Sonja and I headed to the mall for the first time this Christmas. I just wanted to get everybody, including the underagers, a case of beer this year. (When I was younger, during my Lemmy period, I bought everybody I knew a bottle of blue label Smirnoff and a handful of uppers. Only my mom was unsure of the gift. "Do I take the uppers before or after the vodka?") Sonja would not have it. The trip was not half bad though because before we went to the mall we went to the pub and did us some lunching and drinking. Sonja worked the wine while I sloshed down some welfare pints.
Out in the mall parking lot everybody was readier to start a civil war than the Hindus in India. Men were rolling down windows, exposing themselves to the black rain, calling to one another with the language their fathers and mothers used about the same they were drunkenly and ill-advisedly conceived, as we rolled slowly through the lot looking for a place to park. We saw one fist fight, pretty good one too. Everybody was watching the fight from the safety of their own cars like they watch a hockey fight on tv. I could see several people mouthing the words, "Kill the motherfucker!" as it became apparent which of the two men was the better fighter and driver.
People, people like you probably, I fucking swear, are more messed up than me. After what I saw today I figure I am probably just a little above average on the messed up scale. That's why the more and more there become of us, the less and less we spend time together. We freak each other out too much.

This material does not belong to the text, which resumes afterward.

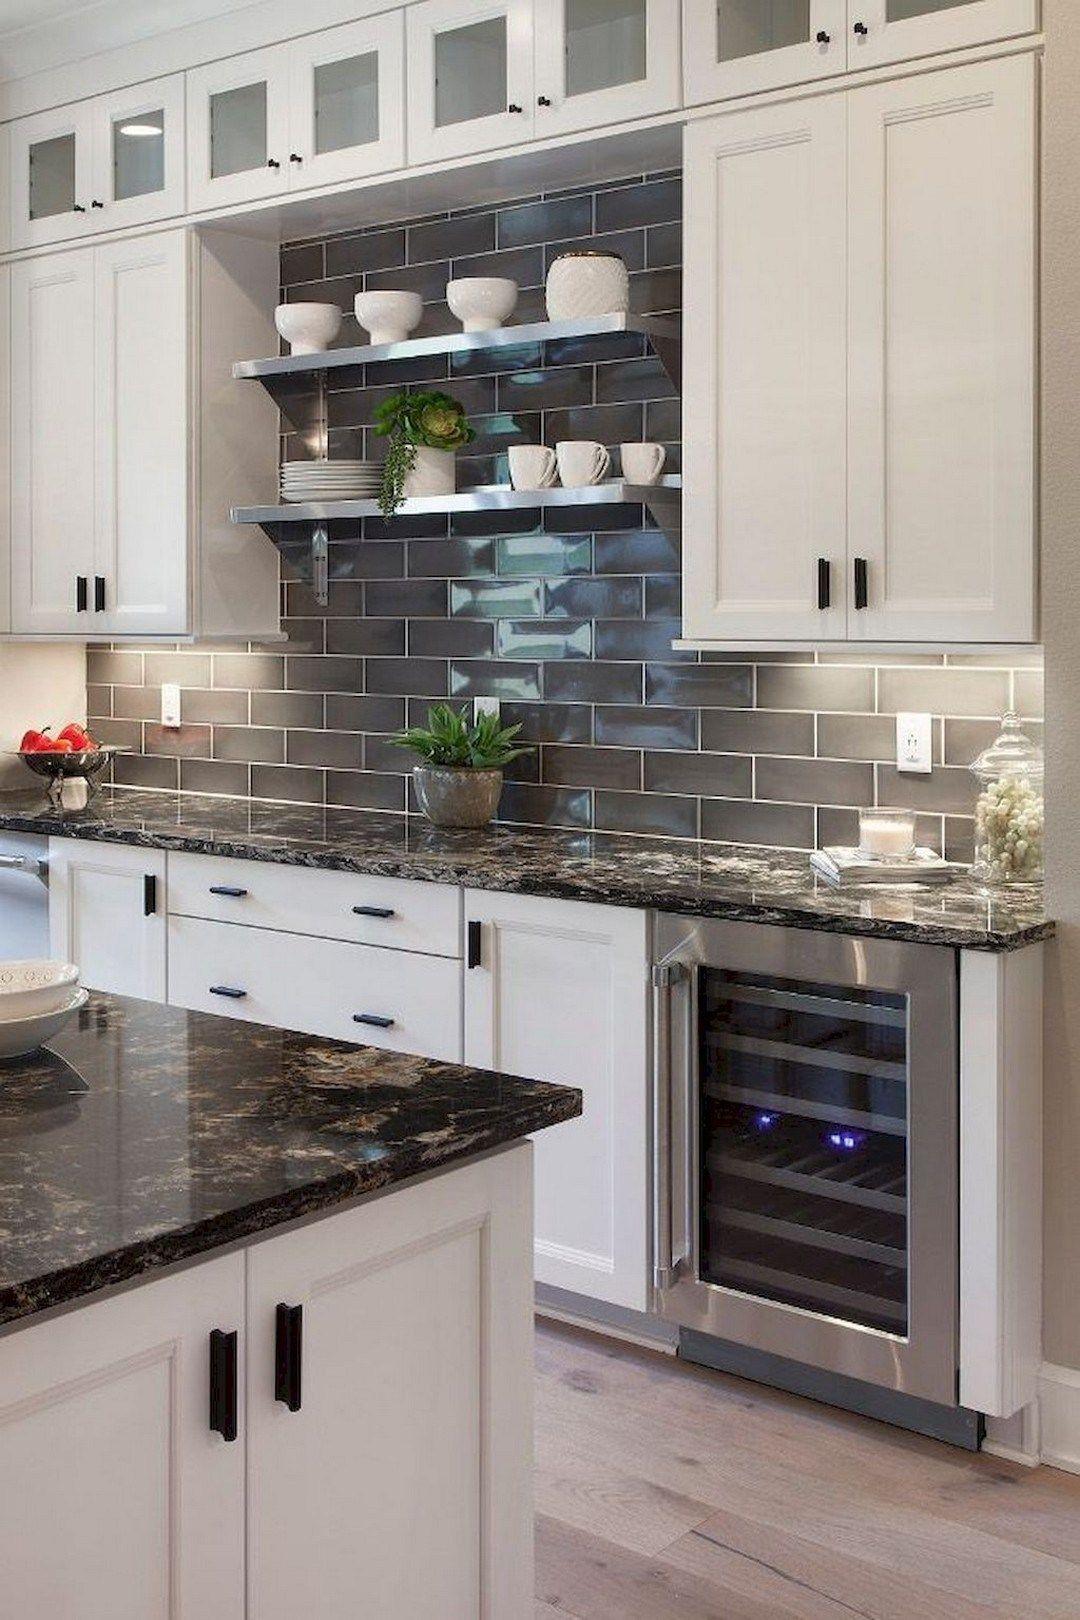 29 Cool Cheap Diy Kitchen Backsplash Ideas 7 In 2020 Kitchen

At the door to the mall Sonja gave all the money she had made playing keno in the pub to a couple firemen standing in front of their big manly rubber boots. Sonja could not believe her luck. "The one day all year the firemen are at the mall and you of all people are here with me." Sonja dreams of big rubber booted Swedish firemen when she is not dreaming about Volvos and Ikea. She made sure she bent down real low to put her money in the firemens' rubbers.
We did a little gift buying and eventually ended up in the only store I give a damn about in the whole mall since the mall does not have a liquor store - the record store. I ordered the new (Canadian) Subhumans re-issue and bought Cock Sparrer's 2007 Here We Stand for my music library. Great fucking punk rock by the old east end geezers. The knockout punch is called the Spirit of '76.
A voice rings out like a bell
Cutting through the chaos of hate and war
The inside of the mall was a different scene than the chaos of hate and war in the parking lot. Everybody is walking around like they have just smoked a pile of dope, which they probably have. The only people you have to look out for on the inside is the store clerks. They all fantasize about collecting the family guns and shooting everybody they can beginning with the first motherfucker to ask them for help and not stopping until the mall Santa is motionless in a pool of blood and candy canes.